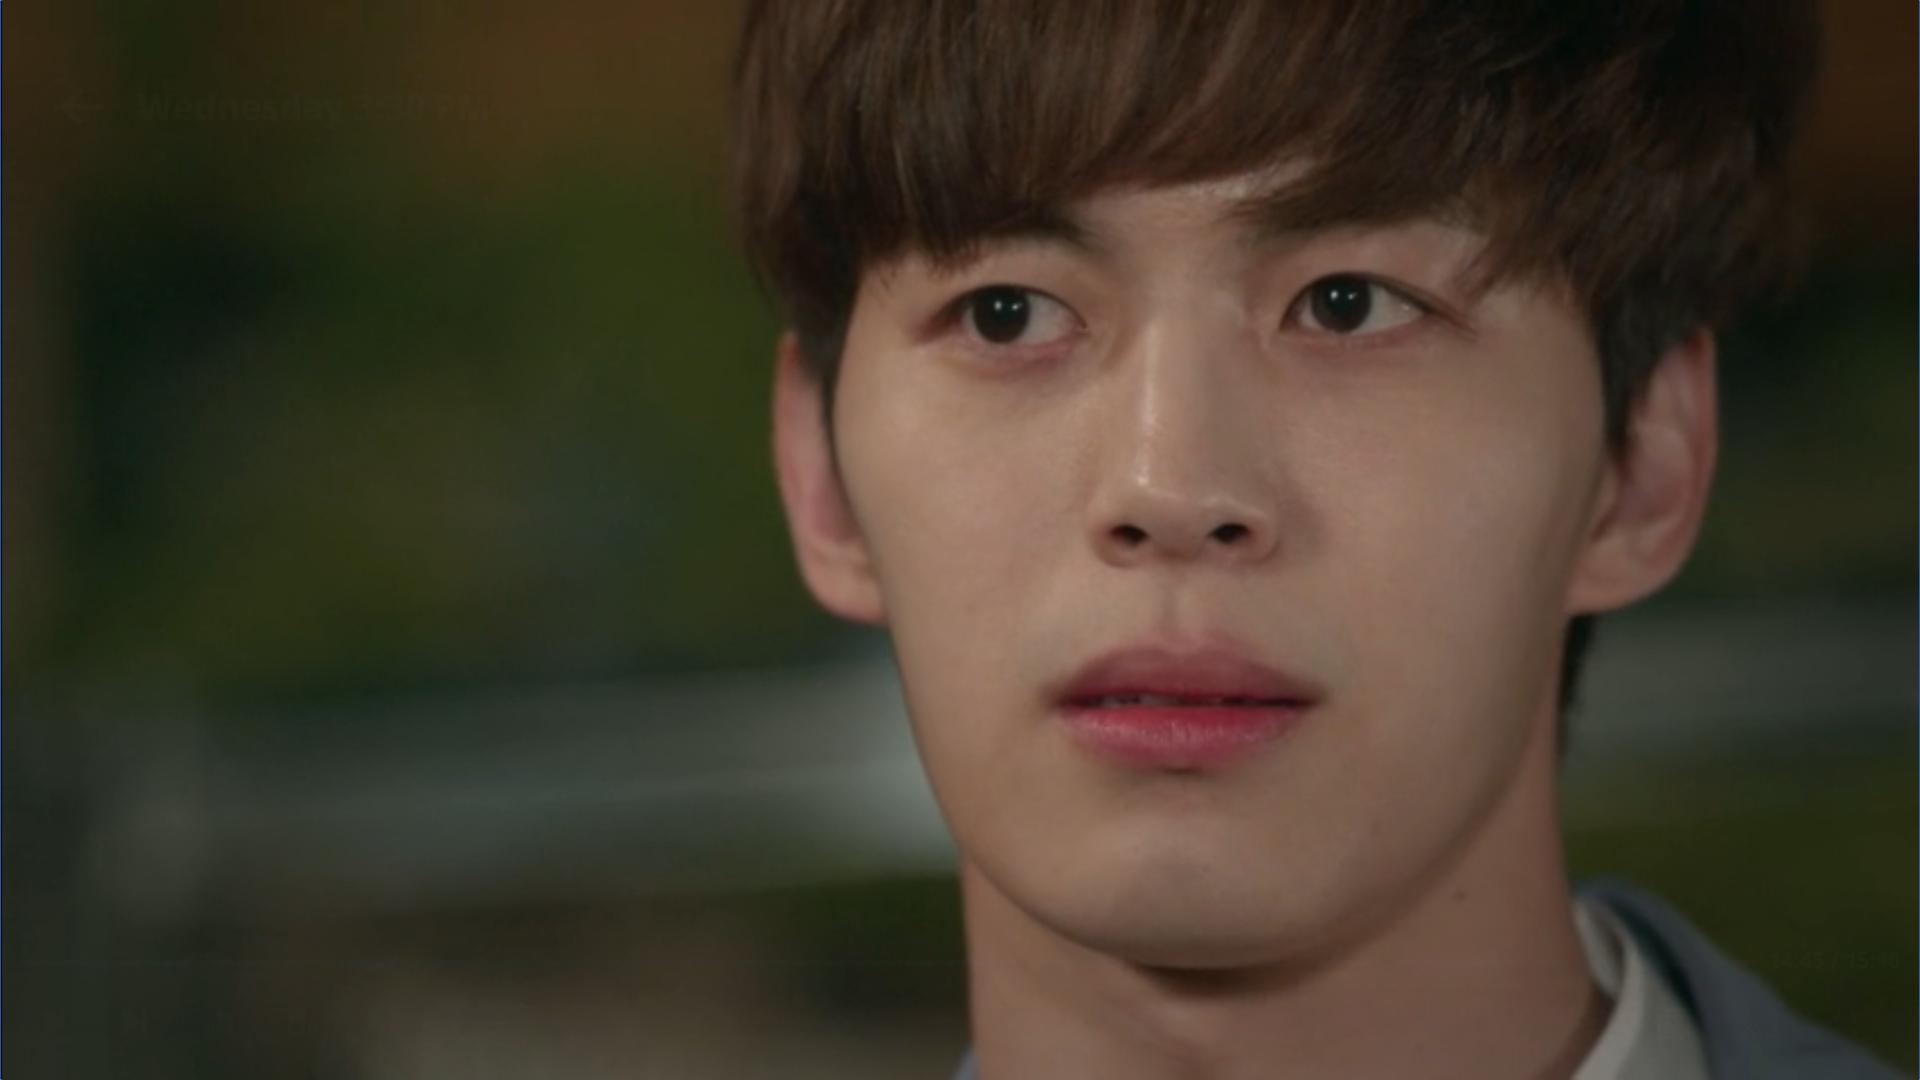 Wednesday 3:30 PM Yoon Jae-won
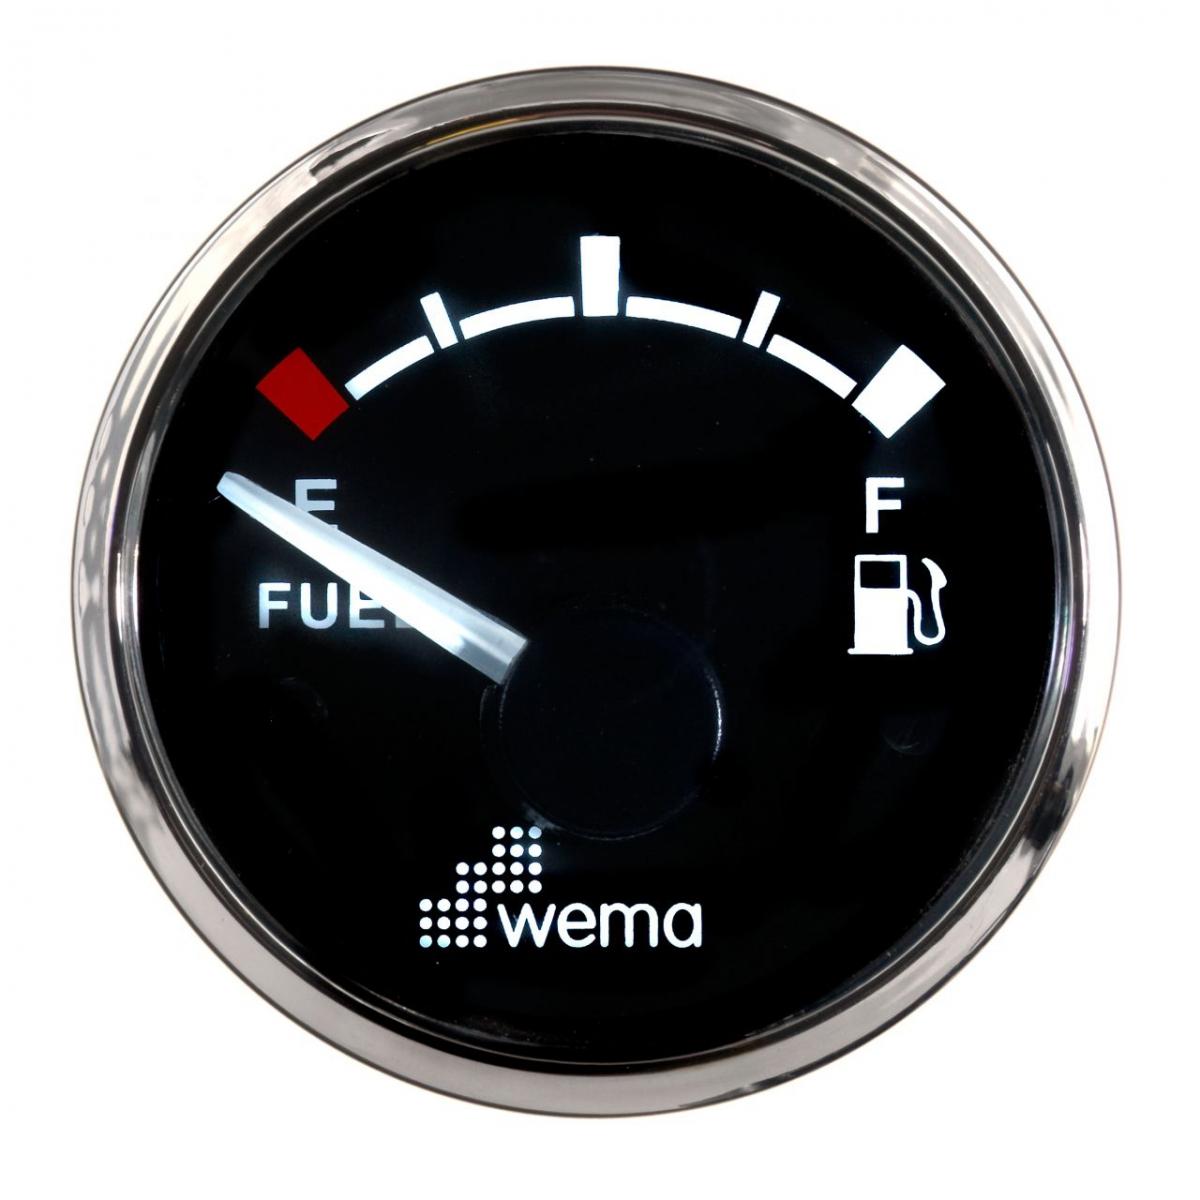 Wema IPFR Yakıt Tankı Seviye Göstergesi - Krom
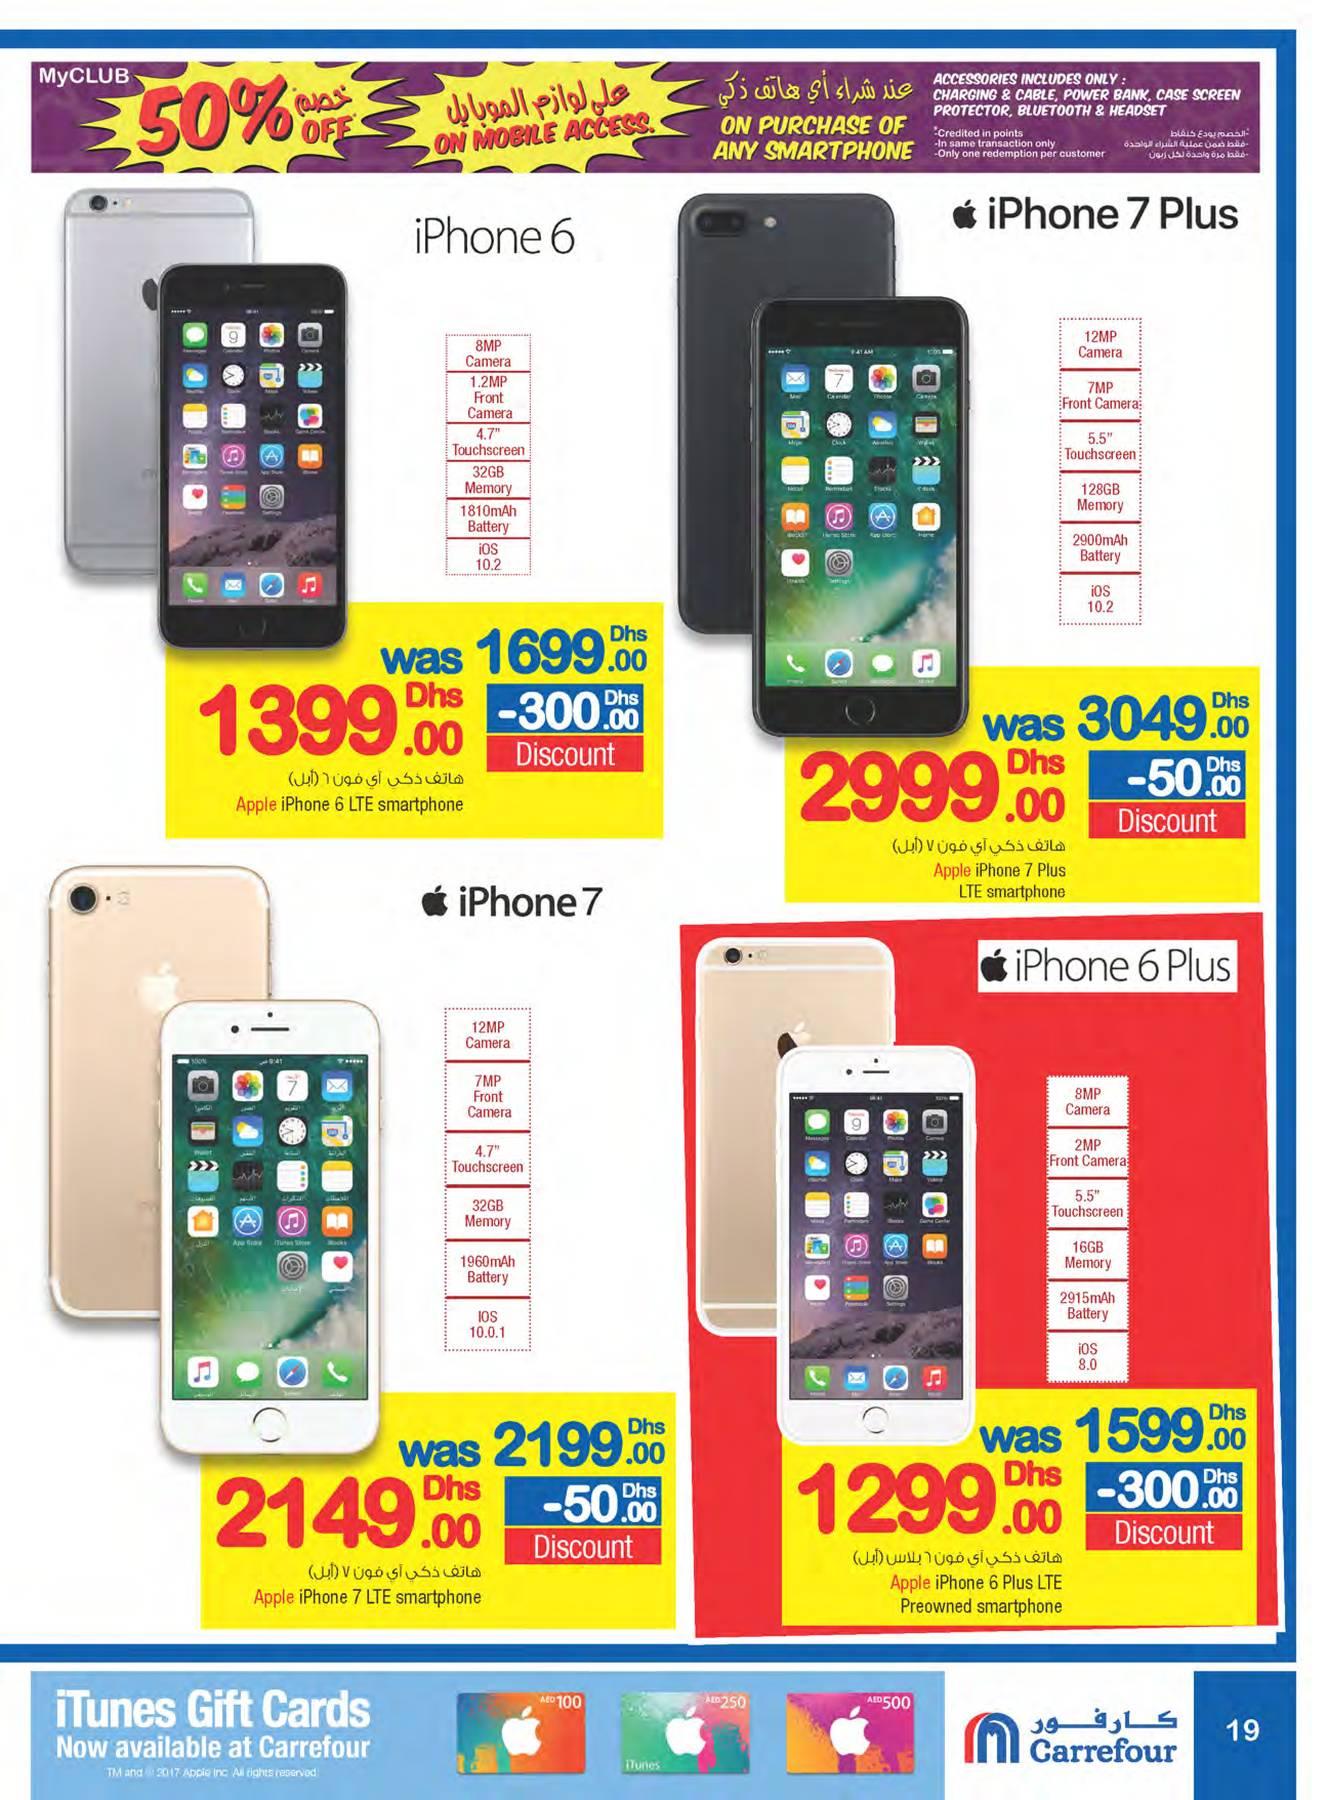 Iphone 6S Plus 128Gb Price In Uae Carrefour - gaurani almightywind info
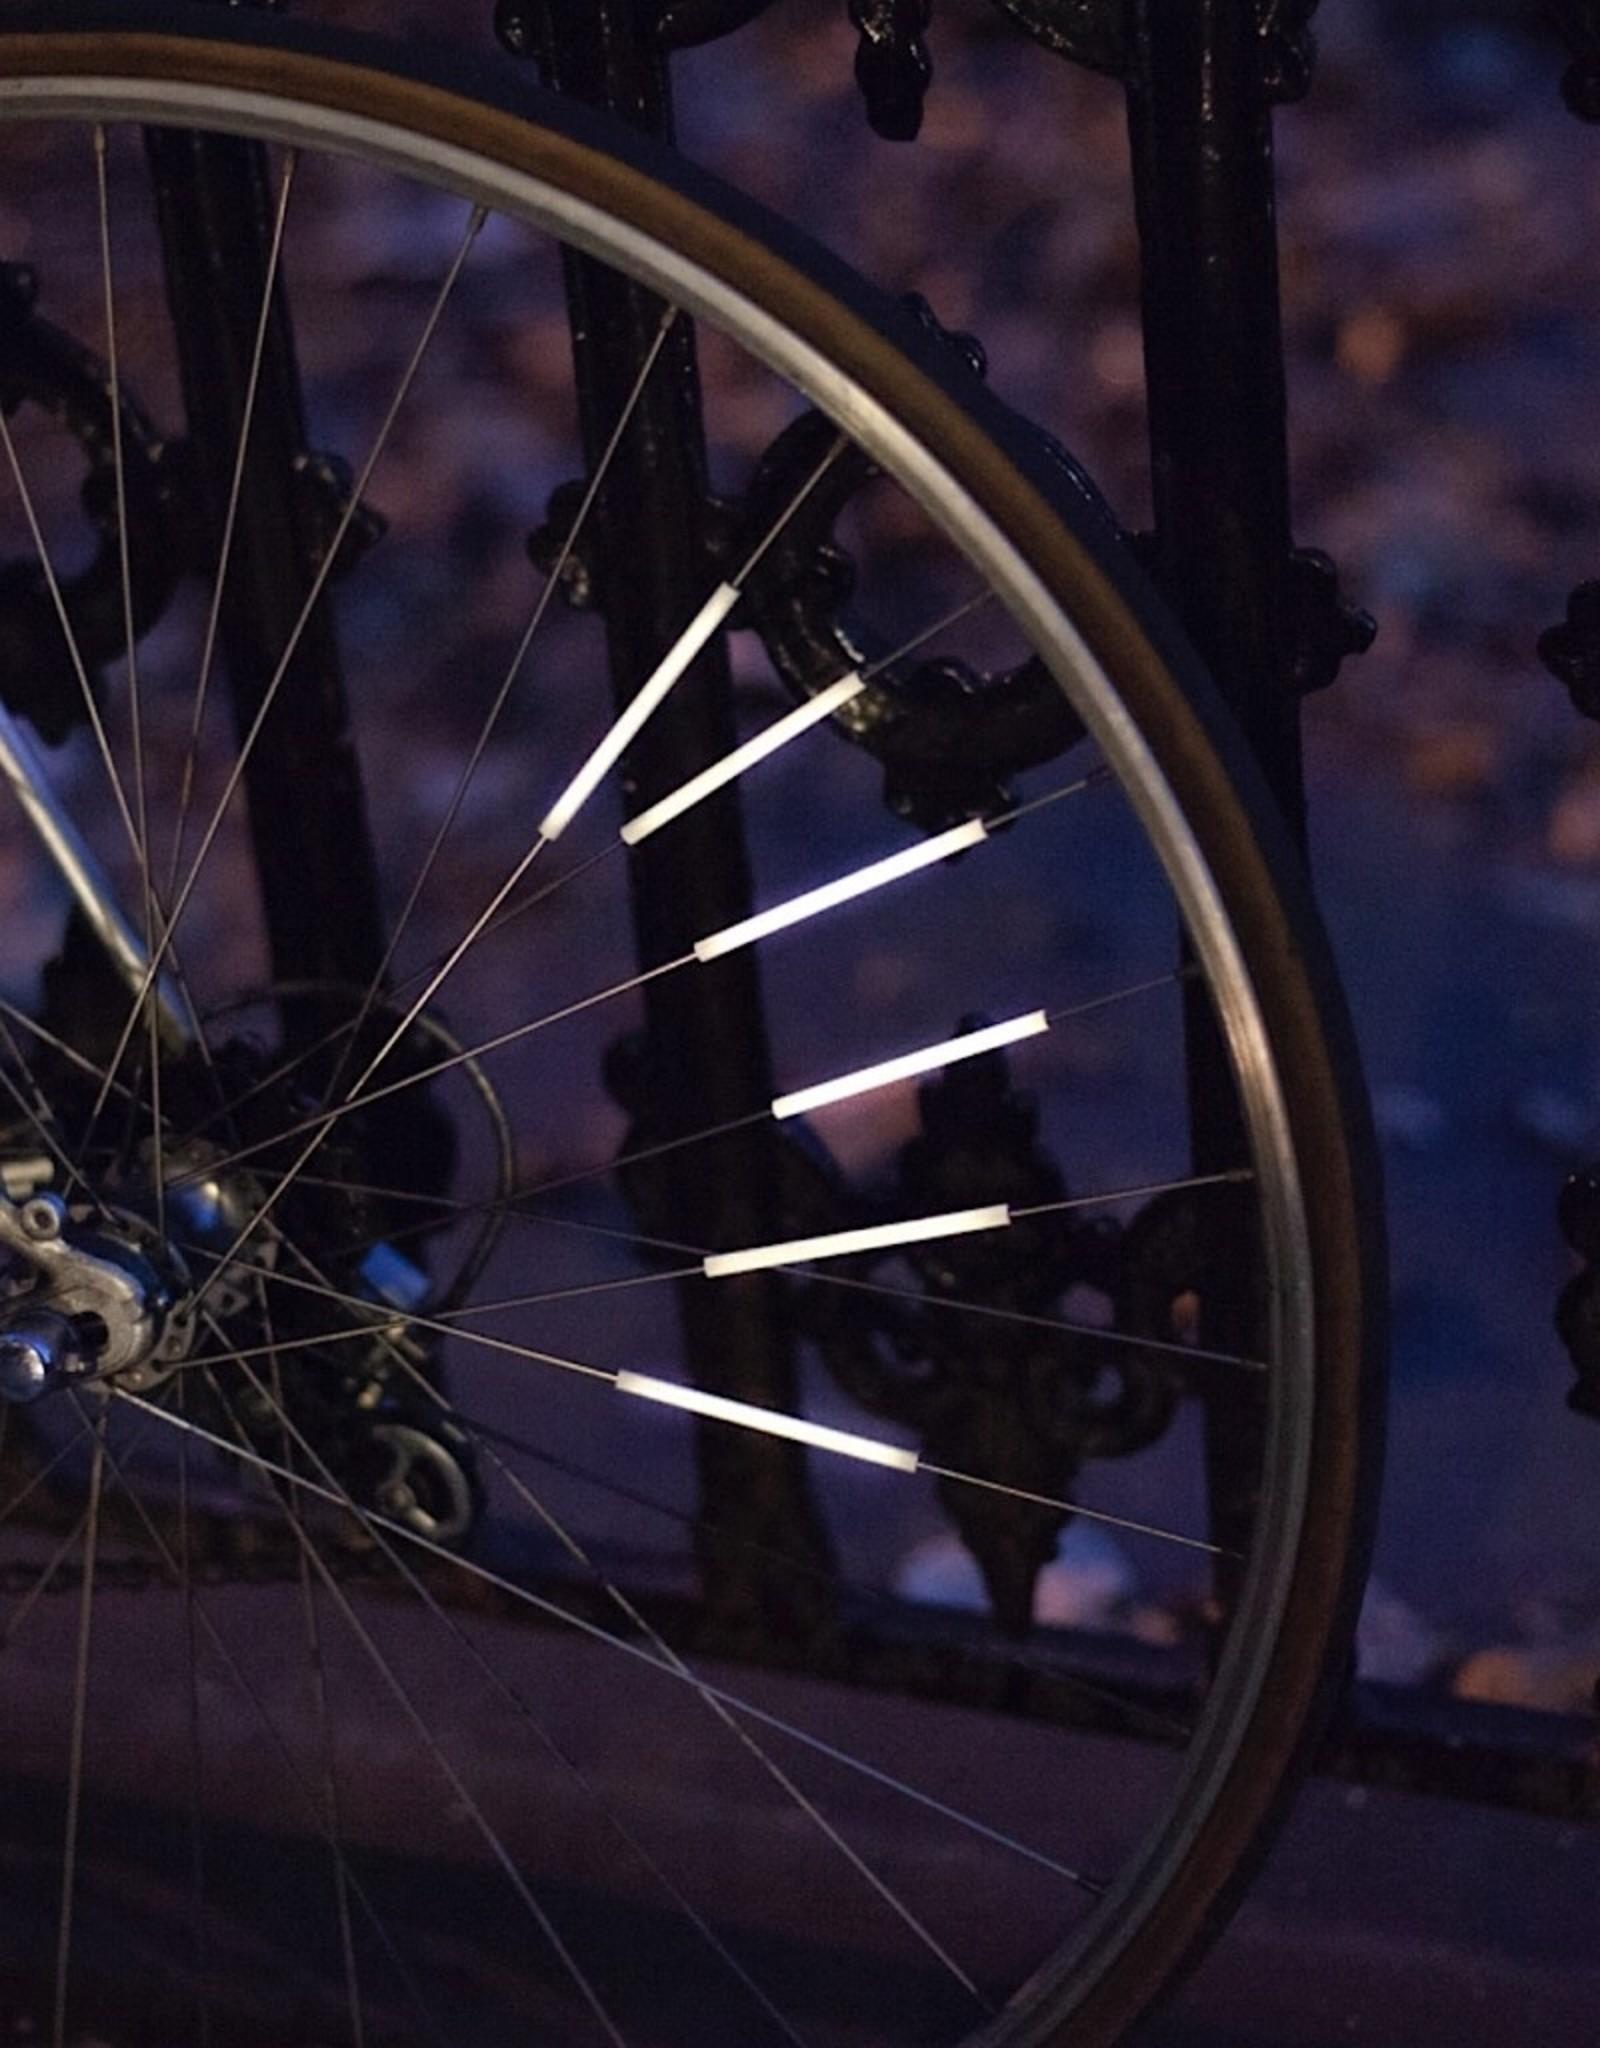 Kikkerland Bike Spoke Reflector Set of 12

- **Exercise**:
From the line containing "Iphone 6S Plus" down to the final line of the listing above, write out only those lines exactly as they are, minus the pictures.

- **Result**:
 Iphone 6S Plus 128Gb Price In Uae Carrefour - gaurani almightywind info
 Kikkerland Bike Spoke Reflector Set of 12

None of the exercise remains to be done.